Online Java application - confused!?

Associate
Joined
23 Aug 2004
Posts
1,493
A couple of years ago I created a pretty crude Java app built on a MySQL backend. I had a pretty poor user interface that allowed the user to search the database.

I was looking through the project the other day and it does have some merit, for a challenge I was planning on revisiting the requirements and programming a second iteration.

This time I would like the program to be web-based and accessible online. I do not have experience of creating an online application so some of the territory is unfamiliar and I'm looking for some advice.

My understanding is as follows :

Database is server side.

java app is downloaded by the client (how?), provides connection to the database.

GUI programmed in Javascript, allows user to enter search term and display results.(search and results handled by Java app)

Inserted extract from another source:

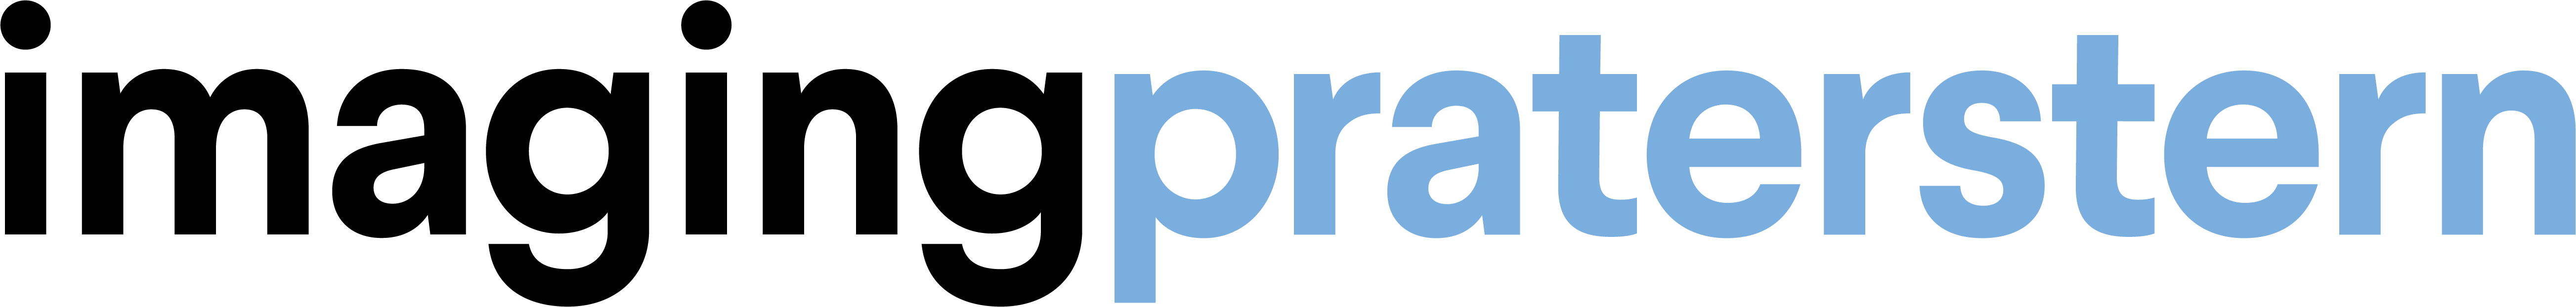 Logo Imaging Praterstern 2020 Pantone284 U
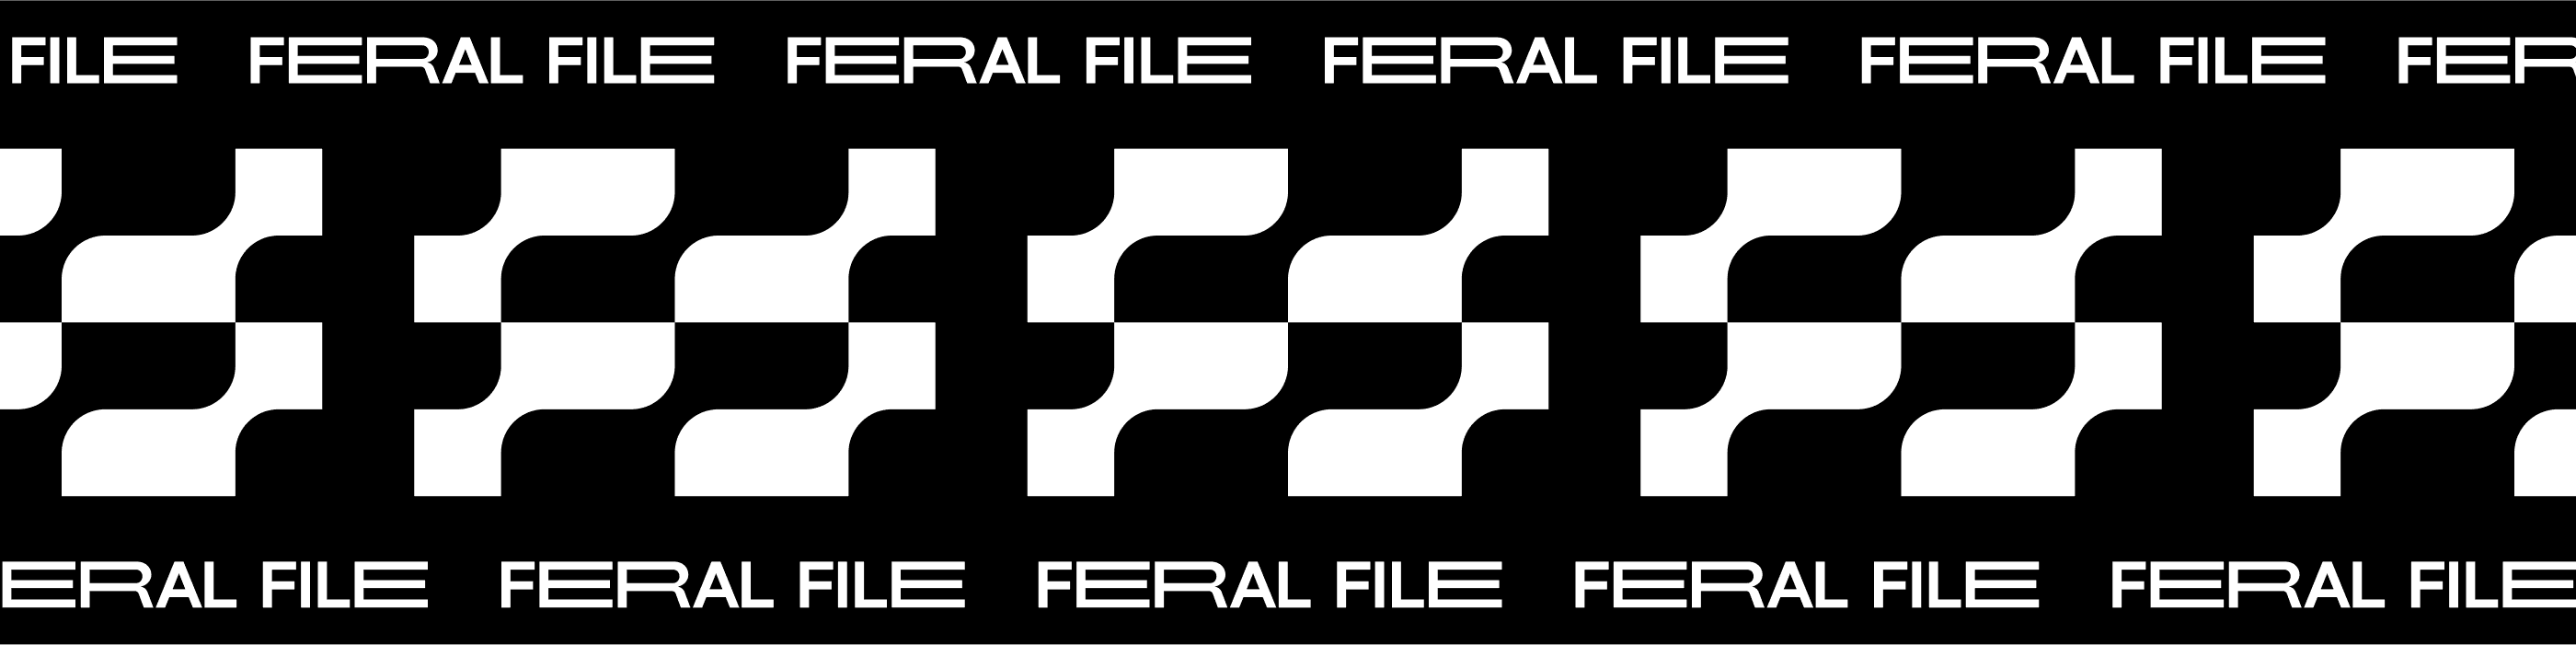 FeralFile banner

Does this seem reasonable? The area where I'm most confused is the Java app. I've not created any online before, is there anything that would need to be done to the code for it to run in a browser rather than through an IDE such as eclipse when the client logs on to the website?

Thanks
 
I think you've mixed a few concepts up.

You'd have the database, and then provide an API in Java (so a few classes that actually 'do' the thing you want - so in your case, connect to the DB, parse/query results etc etc), and then you'd provide a Java applet in which you could build a GUI much in the way you would a traditional swing app. But you'd be better off looking at Glassfish and JSP. So you'd write your HTML/CSS website, and then within that you could make calls to your Java API using JSP. Applets are pretty much becoming obsolete apart from where they're truly necessary.

So a few things to Google:
+ JSP How-to
+ Glassfish simple web app how-to
+ Java API fundamentals

That should get you on your way :)
 
Last edited:
Netbeans is the best IDE (imo) for this sort of project - you can build web apps and deploy them to a local Glassfish server in no time at all.

Spend some time really learning about how to develop APIs, what they're for etc (if indeed you're not already 'au fait' with them).